3. What does the `multiprocessing` function `start` do?
4. What does the `multiprocessing` function `join` do?

Resource - https://docs.python.org/3/library/multiprocessing.html 

In [None]:
# Write your answers here

# 1.
# 2.
# 3.
# 4.

In [None]:
from multiprocessing import Process
from time import perf_counter, sleep

def sleeping(secs):
    print(f'Going to sleep for {secs} second(s)')
    sleep(secs)
    print(f'Woke up after {secs} second(s)')

def main():     
    start = perf_counter()

    processes = [Process(target=sleeping, args=[5]) for _ in range(5)]

    for p in processes:
        p.start()

    for p in processes:
        p.join()

    finish = perf_counter()
    
    elapsed_time = round(finish - start, 2)
    
    print(f'Process finished in {elapsed_time} second(s)')
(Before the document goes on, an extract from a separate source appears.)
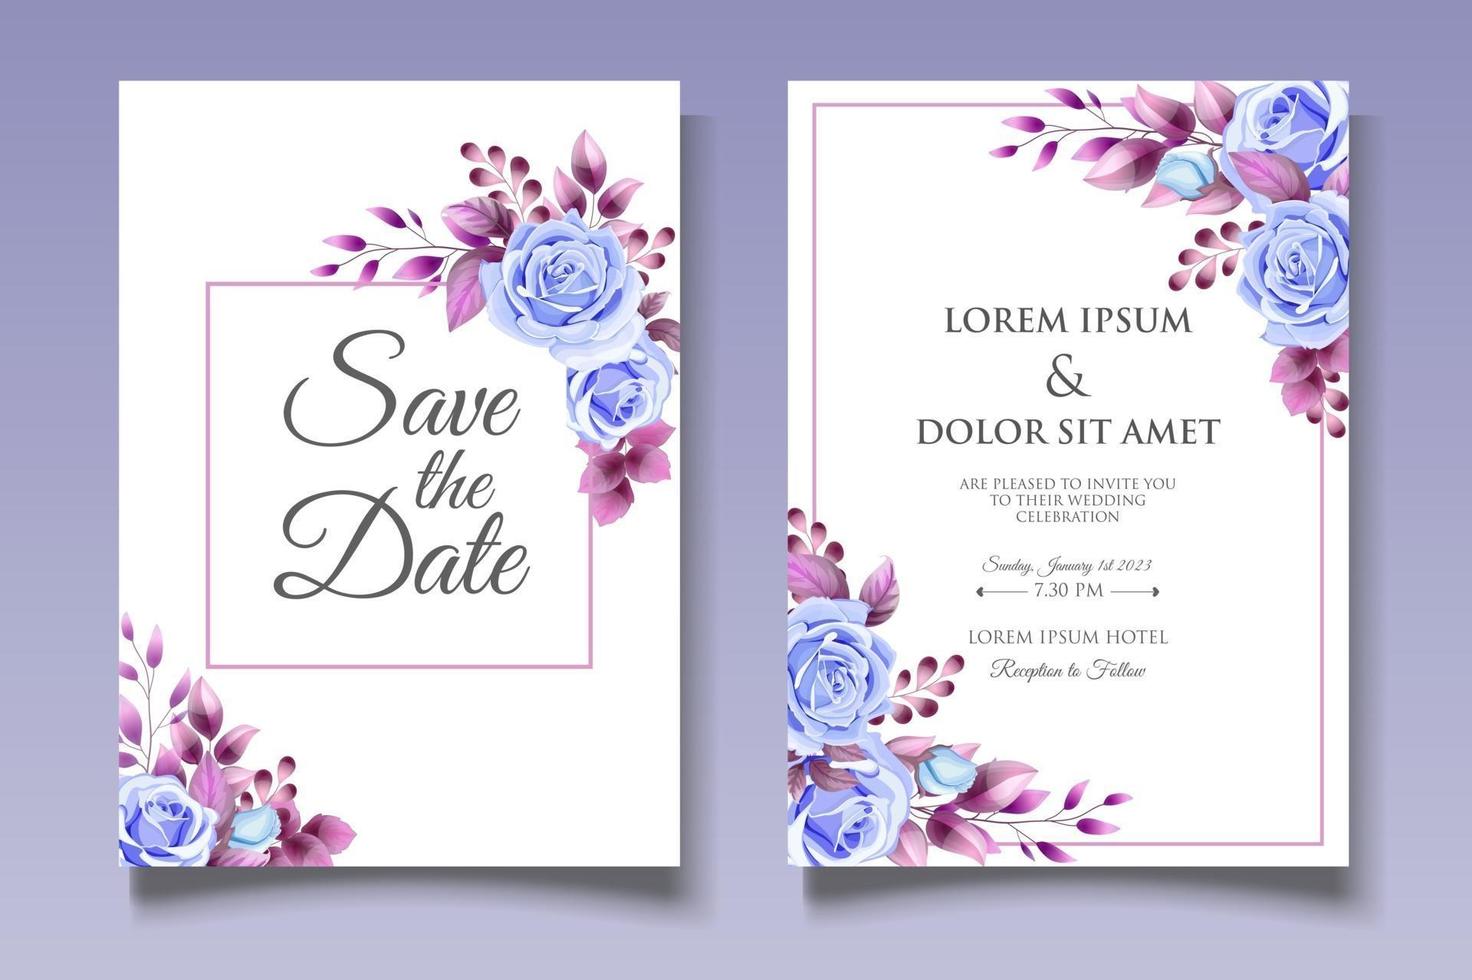 Beautiful Floral Wedding Invitation Card vector

if __name__ == '__main__':
    main()

### Alternative - ProcessPoolExecutor

`concurrent.futures` `ProcessPoolExecutor` is an alternative to the `threading` module.

In [None]:
from concurrent.futures import ProcessPoolExecutor
from time import perf_counter, sleep

def sleeping(secs):
    print(f'Going to sleep for {secs} second(s)')
    sleep(secs)
    return f'Woke up after {secs} second(s)'

def main():
    start = perf_counter()

    with ProcessPoolExecutor() as ex:
        secs = [_ for _ in reversed(range(1, 6))]
        ex.map(sleeping, secs)
        

    finish = perf_counter()
    
    elapsed_time = round(finish - start, 2)
    
    print(f'Process finished in {elapsed_time} second(s)')

if __name__ == '__main__':
    main()

### Multi-Processing & Photo Filtering

**Question 5:** 
1. In this question, you will apply an image filter to each downloaded image using multi-processing. Use the `glob` module to get all downloaded images in the current directory with the extension `.jpg`. Append these images to a list called `imgs`.
2. Make a note of the process time. Refactor the code so that it is using `ThreadPoolExecutor` instead of `ProcessPoolExecutor`. Execute the code & compare the process time. Note the differences in a comment at the bottom of the cell.

Resource - https://docs.python.org/3/library/glob.html 

In [None]:
from concurrent.futures import ProcessPoolExecutor
from glob import glob
from os import chdir
from PIL import Image, ImageFilter
from requests import get
from time import perf_counter

def filter_img(img_name):
    img = Image.open(img_name)
    img = img.filter(ImageFilter.GaussianBlur(15))
    img.save(img_name)
    print(f'{img_name} was processed.')

def main():
    start = perf_counter()

    # Get all images in the current directory with the extension .jpg and append to a list

    # Use a context manager with ProcessPoolExecutor() as ex
        # Call the ex's map method - pass in a function & iterable

    finish = perf_counter()
    
    elapsed_time = round(finish - start, 2)
    
    print(f'Process finished in {elapsed_time} second(s)')

if __name__ == '__main__':
    main()

# Submission
Create a new pull request and assign **tclark** to review your submission

**Note:** Please don't merge your own pull request.